It may sound odd, but one of the things I miss most about living in New York City is the ability to hop on a bus or train, or walk a few blocks from home, and end up lounging in a forest, the cacophony of traffic reduced to a dim hum, squirrels bounding around, birds twittering away above. Such urban respites are plentiful in NYC thanks to its 10,542 acres of forested land, “about half as much as the Congaree Swamp in South Carolina,” notes James Barron at The New York Times, in one of the most densely populated urban areas in the country.
“Most of the city’s forest is deep in parks”—in Central Park, of course, and also Prospect Park and Riverside, and dozens of smaller oases, and the lush Botanical Gardens in the Bronx. The city’s forests are subject to the usual pressures other wooded areas face: climate change, invasive species, etc.
They are also dependent on a well-funded Parks Department and nonprofits like the Natural Areas Conservancy for the preservation and upkeep not only of the large parks but of the trees that shade city streets in all five boroughs.
Luckily, the city and nonprofit groups have been working together to plan for what the conservancy’s senior ecologist, Helen Forgione, calls “future forests,” using big data to map out the best paths for urban woodland.

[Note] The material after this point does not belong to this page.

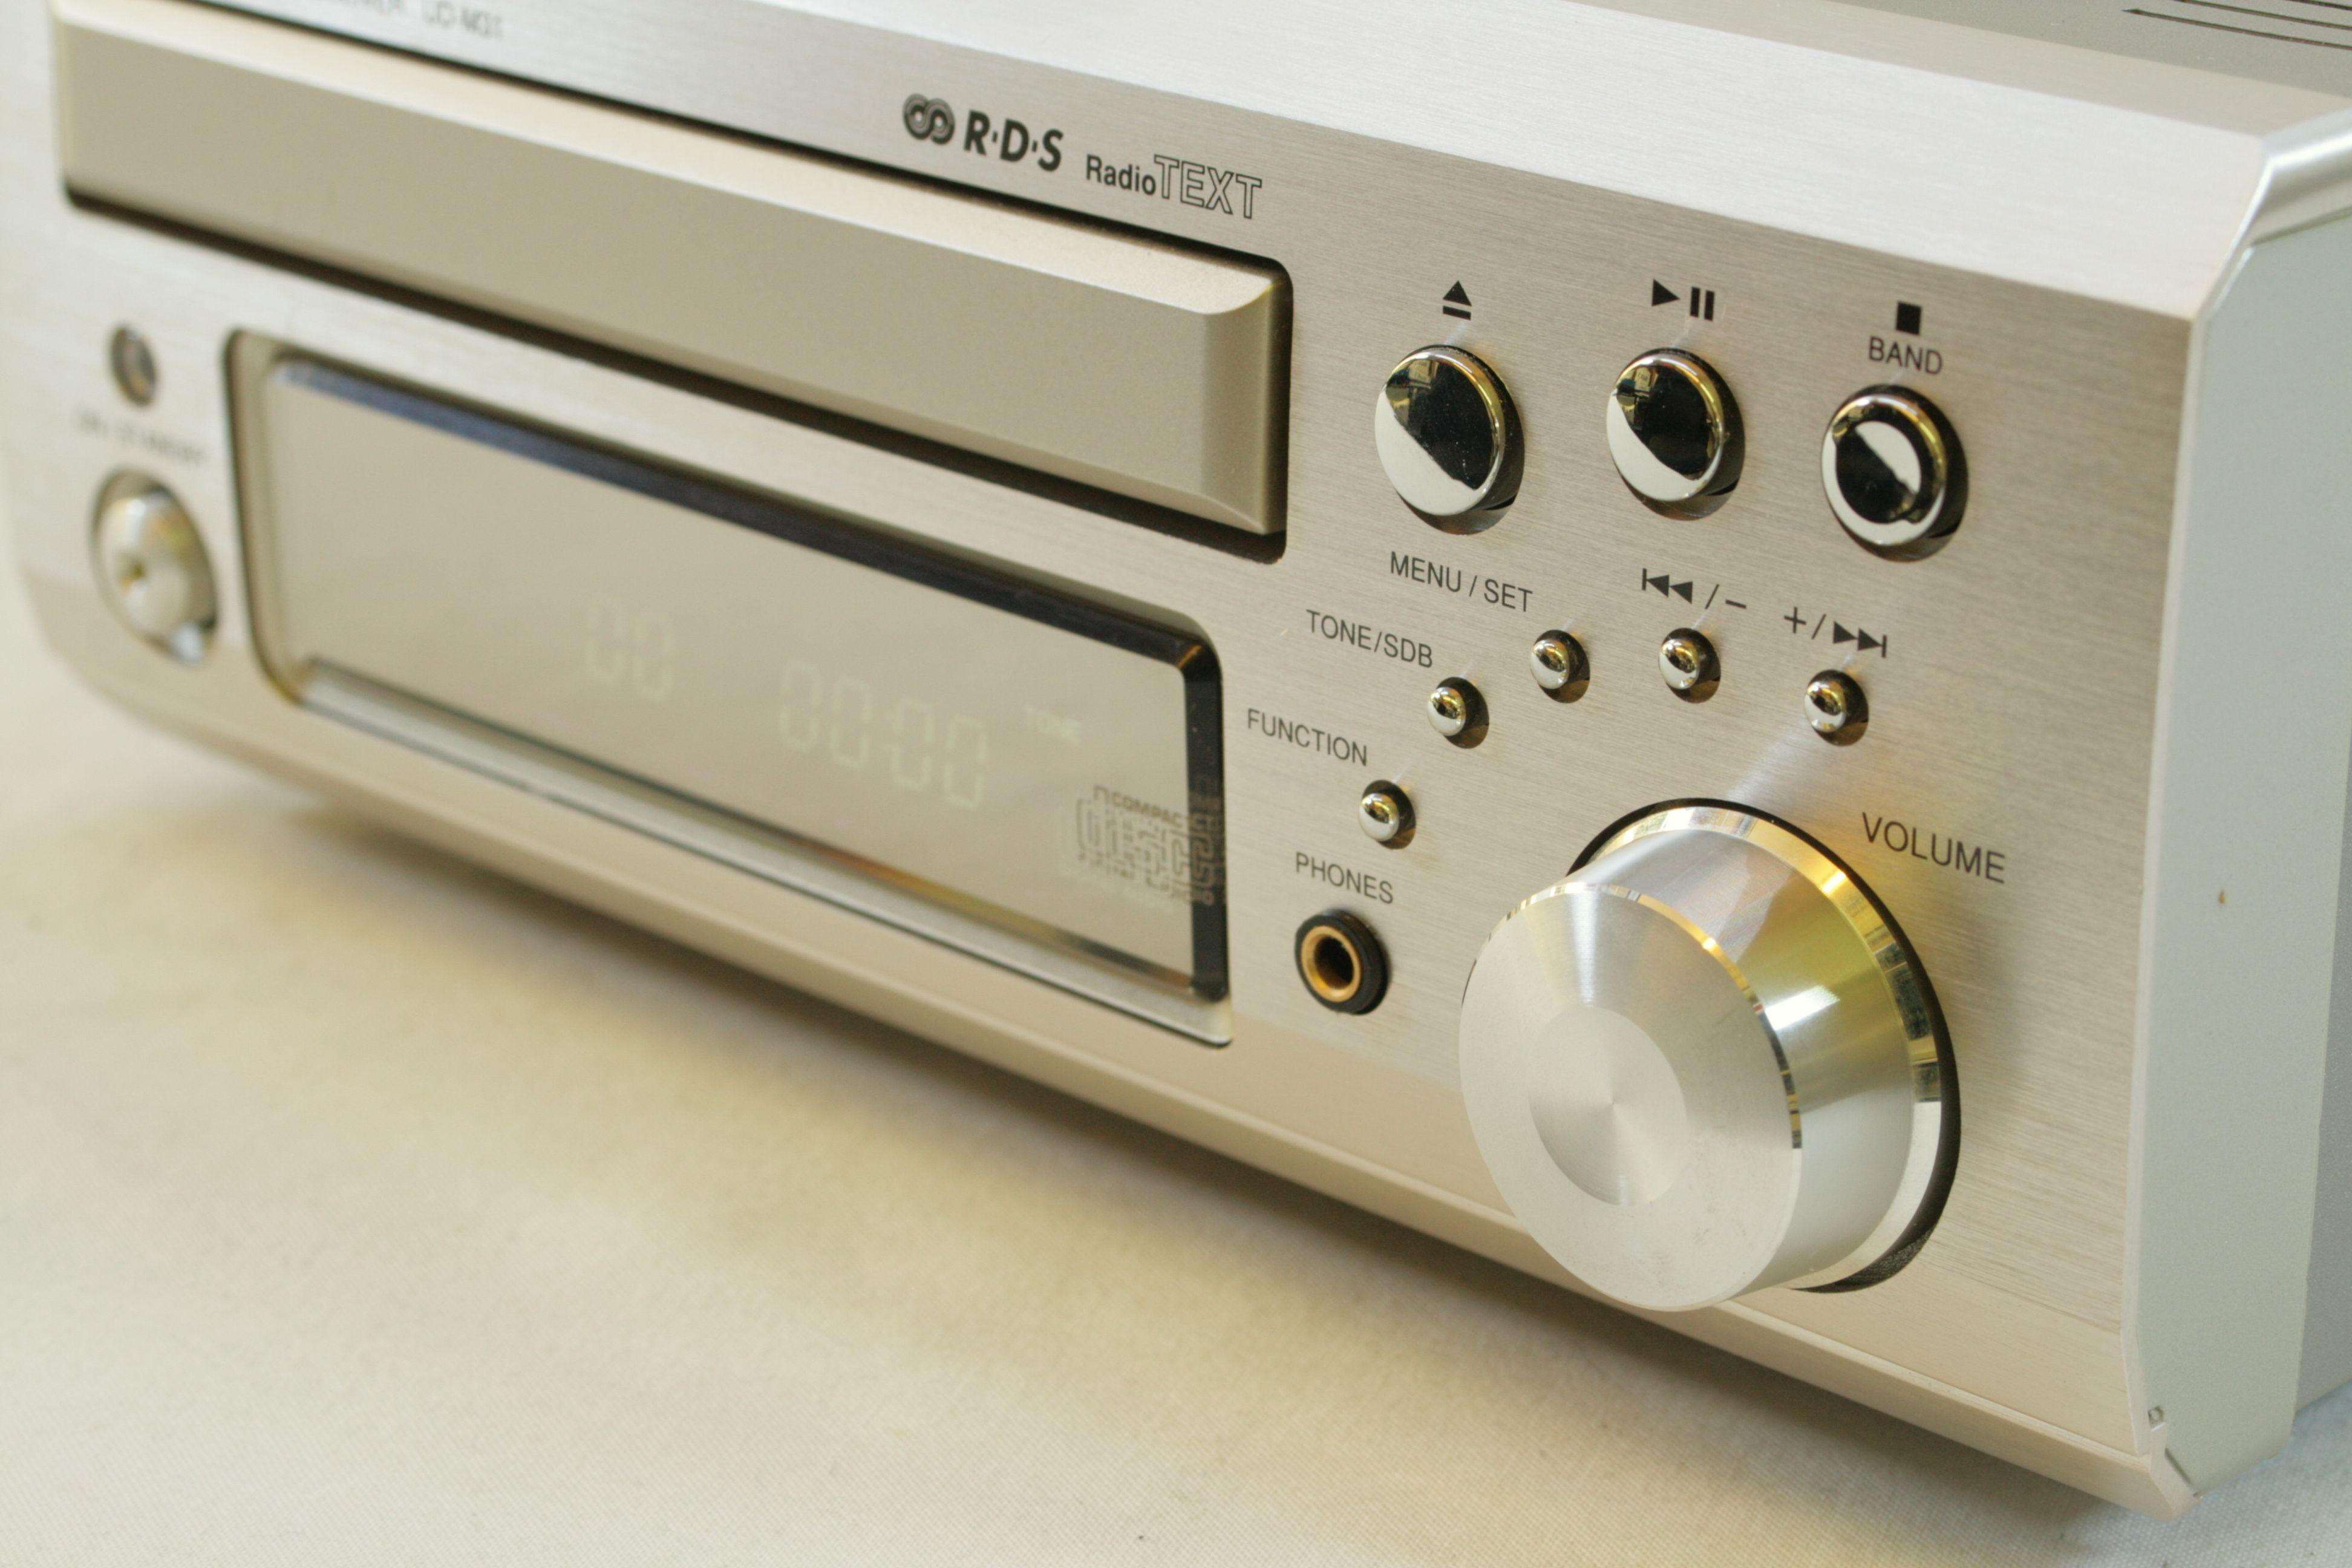 denon ud m31 mini shelf cd receiver player system with remote control rh arhc callcut net Whirlpool Galaxy M31 Rifle

The NYC Parks department has been busy compiling figures, and you can find all of their tree stats at the New York City Street Tree Map, which “brings New York City’s urban forest to your fingertips. For the first time,” the Parks department writes, “you have access to information about every street tree in New York City.”
Large forested parks on the interactive map appear as flat green fields—the department has not counted each individual tree in Central Park. But the map gives us fine, granular detail when it comes to street trees, allowing users to zoom in to every intersection and click on colored dots that represent each tree, for example lining Avenue D in the East Village or Flatbush Avenue in Brooklyn. You can search specific locations or comb through citywide statistics for the big picture. At the time of this writing, the project has mapped 694,249 trees, much of that work undertaken by volunteers in the TreesCount! 2015 initiative.

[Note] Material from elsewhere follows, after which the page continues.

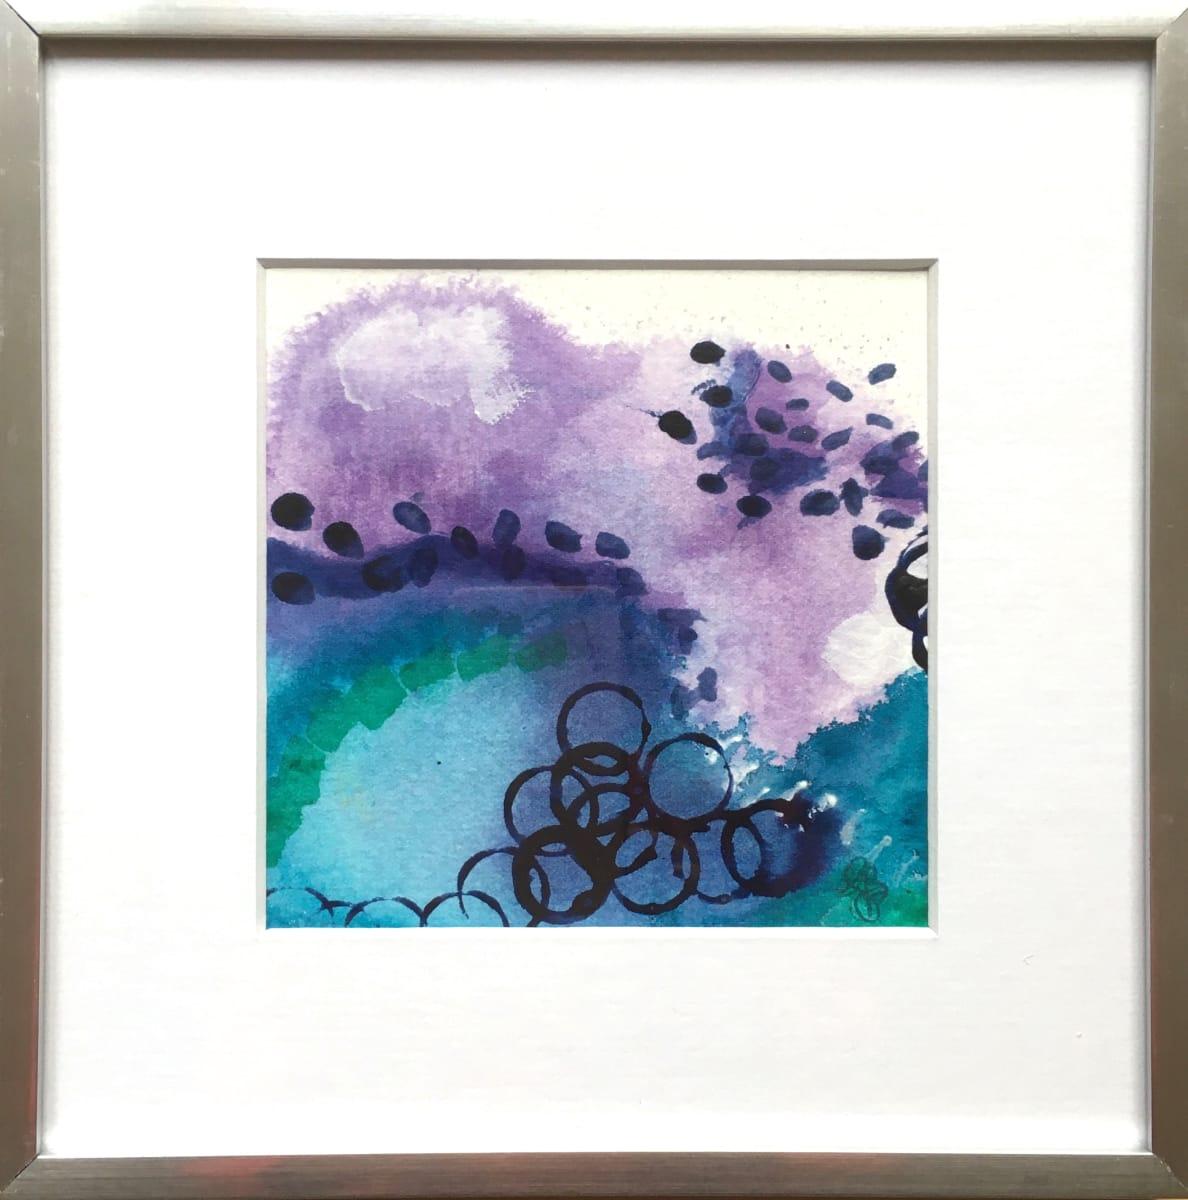 Ocean Joy no.12 by Julea Boswell

There are many more trees yet to map, and the department’s forestry team updates the site daily. Out of 234 species identified, the most common is the London Planetree, representing 12% of the trees on the map. Other popular species include the Littleleaf Linden, Norway Maple, Pin Oak, and Ginko. Some other stats show the ecological benefits of urban trees, including the amount of energy conserved (667,590,884 kWh, or $84,279,933.06) and amount of carbon dioxide reduced (612,100 tons).
Visit the New York City Street Tree Map for the full, virtual tour of the city’s trees, and marvel—if you haven’t experienced the city’s vibrant tree life firsthand—at just how green the empire city’s streets really are.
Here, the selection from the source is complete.